The invention relates more specifically to the insertion of metadata concerning an event which takes place live in the associated video data and also relates to the triggering of actions in a post-production studio according to the metadata associated with the video data.
The invention proposes a device for capturing audio/video data
representative of an event, said device comprising means of adding metadata to the captured data, characterized in that the means of adding metadata associate a predefined metadata item with a type of event.
The invention can therefore make it possible to mark the captured audio/video data according to its content. This means that, if necessary, in a subsequent processing step, the captured data can be manipulated more easily to edit, modify or save it for example.
The invention will be better understood and illustrated by means of exemplary and advantageous embodiments, by no means limiting, given with reference to the appended figures in which:
- Figure 1 represents a system comprising a device according to an embodiment of the invention, - Figure 2 represents an embodiment of an application of the invention.

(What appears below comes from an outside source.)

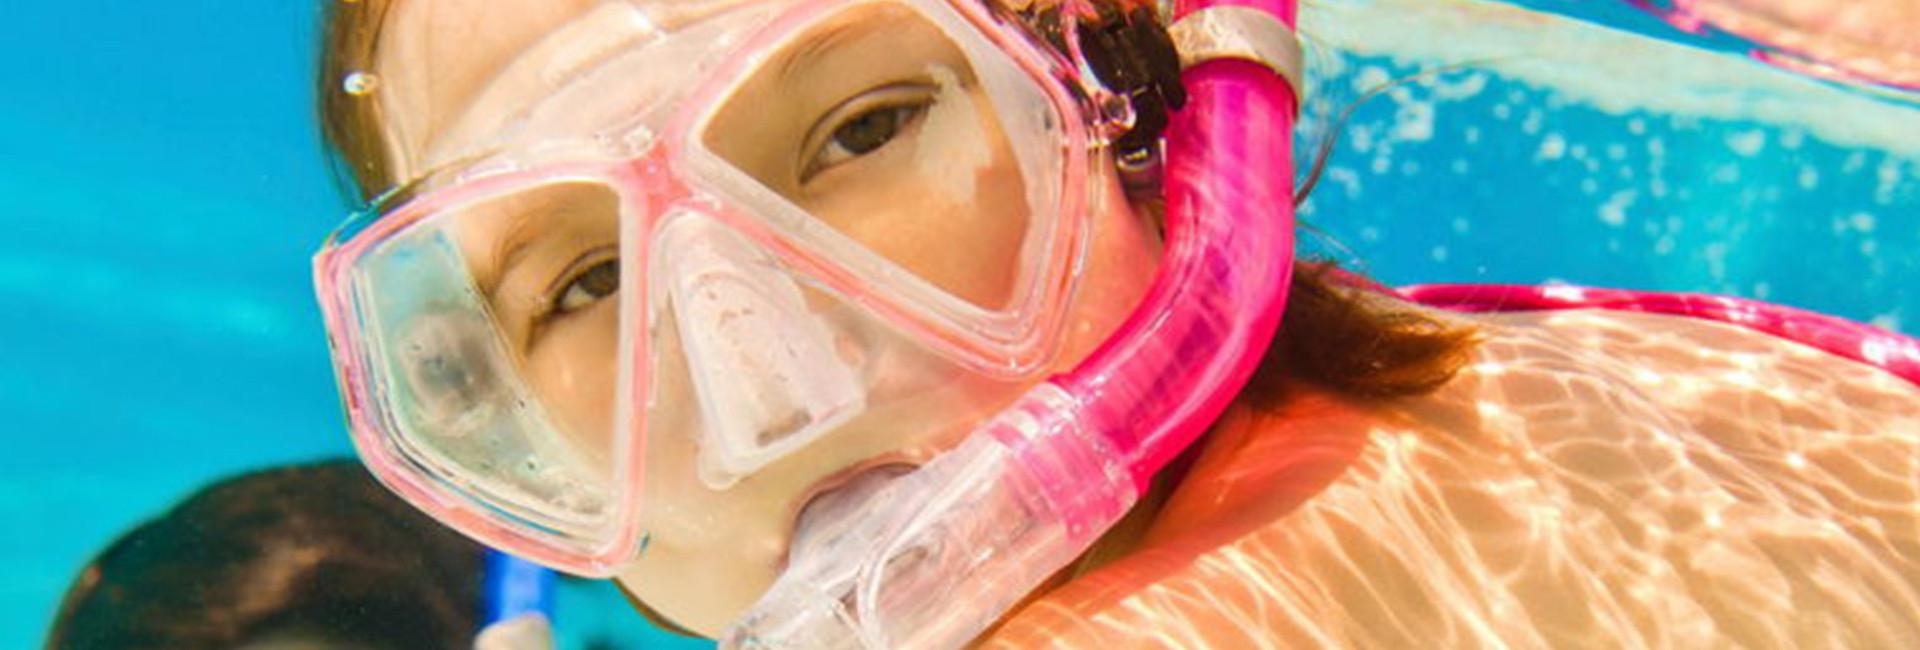 Little girl in pink snorkel gear

According to Figure 1 , the device 1 is in the preferred embodiment, a video camera comprising a user interface 3 with three buttons 6, 7 and 8.
The buttons (or keys) 6, 7 and 8 enable the user to add information to the video that is being filmed in real time by the use of audio/video capture means 2 which are the conventional capture means of a standard video camera.

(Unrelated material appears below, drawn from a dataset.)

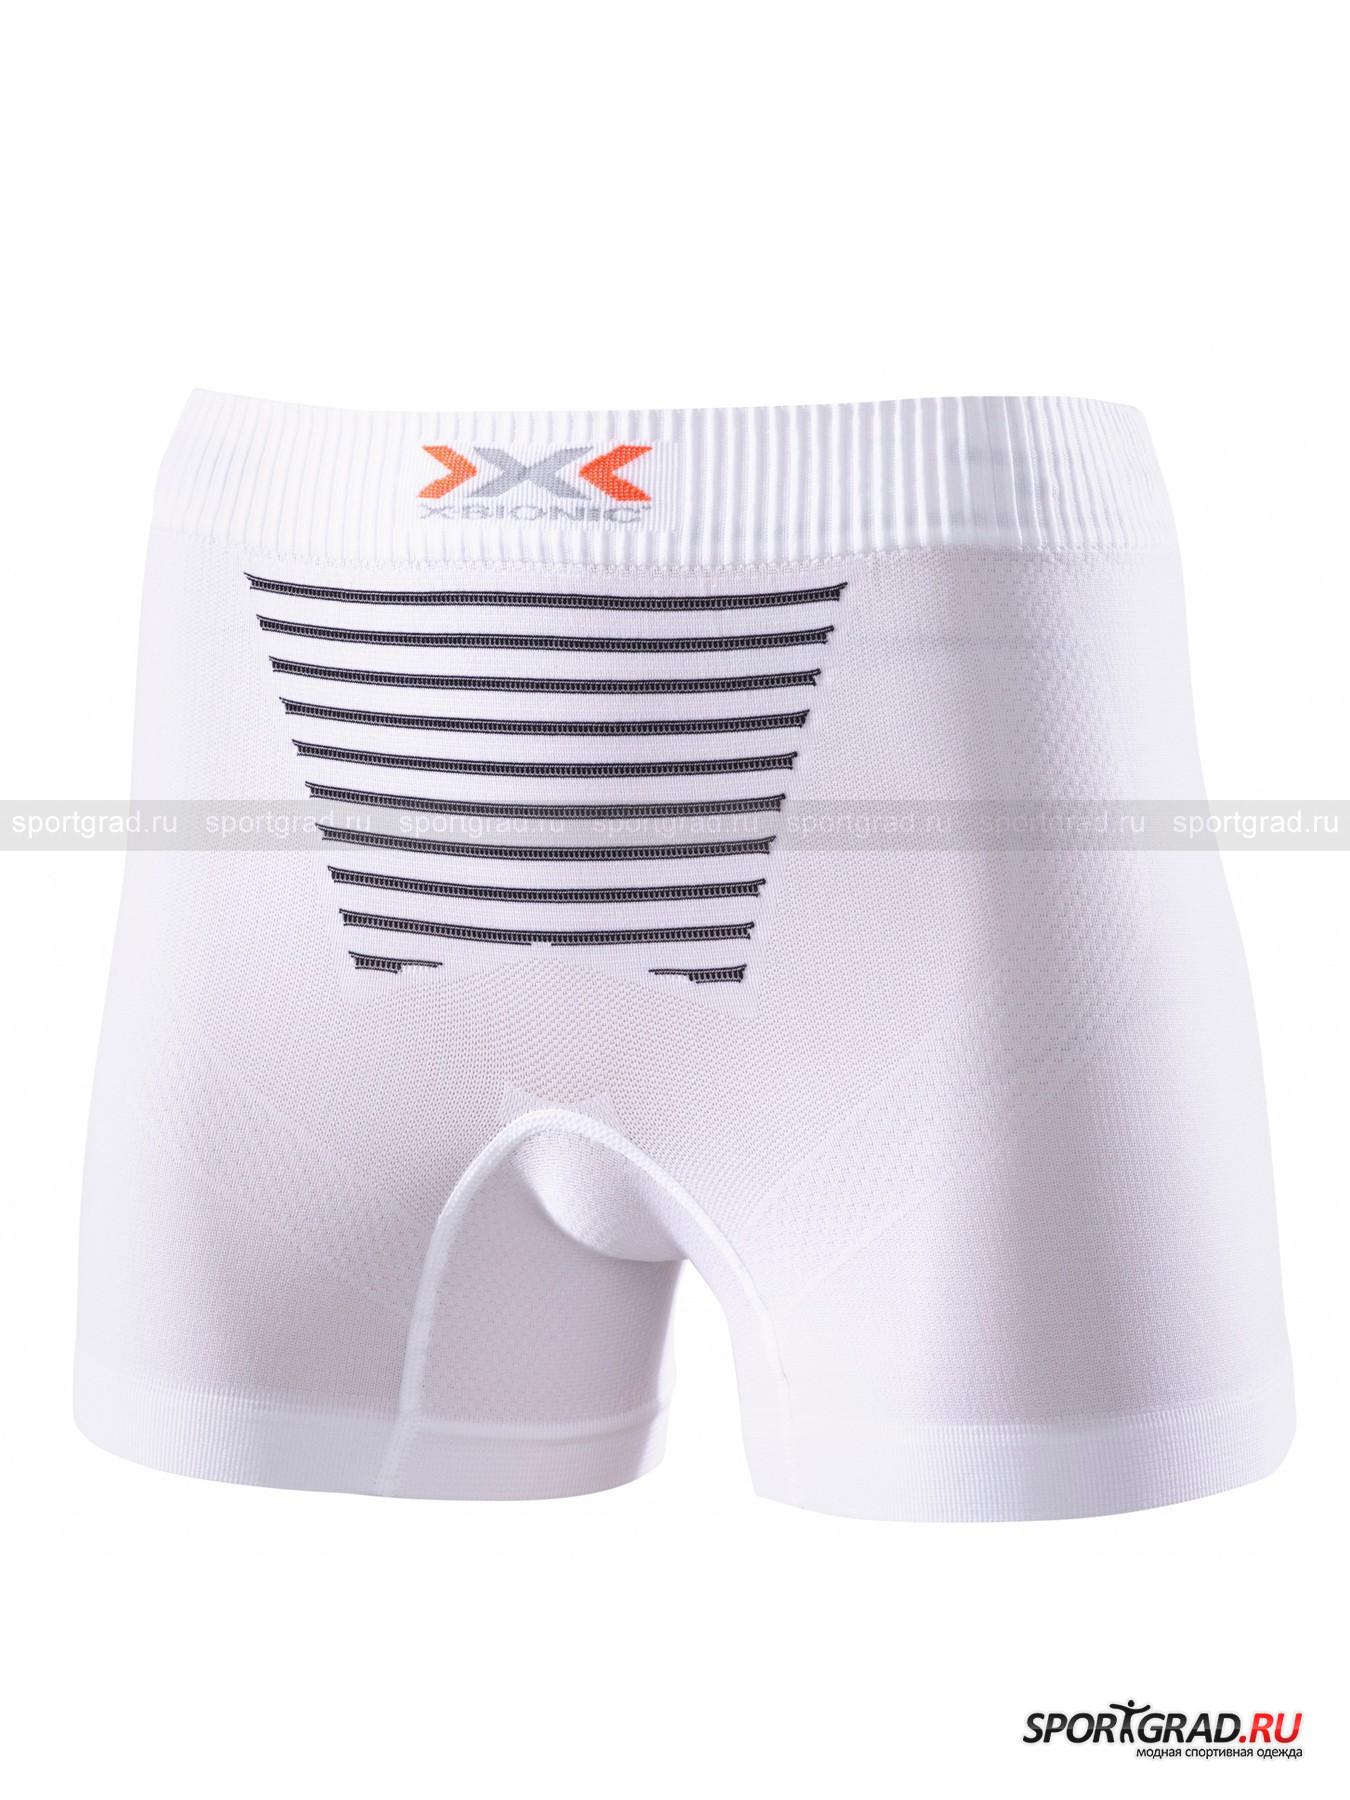 Белье: термобоксеры женские UNDERWEAR INVENT LT UW BOXER X-BIO для занятий спортом от Спортград

The standard configuration of a video camera is well known to those skilled in the art. The camera comprises an optical system, an image sensor and control means such as a microprocessor, storage means, various means of communication with the external environment. The microprocessor uses a known operating system such as windows CE marketed by Microsoft.
The memory can include ROM- (read only memory), RAM- (random access memory) type memories or memory cards in PCMCIA format for example.
The camera is distinguished from the conventional cameras known to those skilled in the art by the fact that it also comprises a user interface for adding information directly to the content of the filmed video.
The user interface is represented in Figure 1 by three buttons 6, 7 and 8.
The buttons 6, 7 and 8 are each associated with different events.
When an event that is noteworthy with respect to the event being filmed occurs, the cameraman presses one of the buttons associated with the event.
Each event is then transcribed into an MXF (material exchange format) type stream to be transferred with the video data to which the event relates, in the MXF stream.
The MXF standard is described in the SMPTE standard document 380M.
The representative events are events that can be contained in the "shot" type field.
- the "shot start position" field is associated with the time at which the event occurs,
- the "shot duration" field is not used,
- the "shot track Ids" field is incremented with each noteworthy event, - the "shot description" field comprises the event type, in other words "goal", "red card", etc.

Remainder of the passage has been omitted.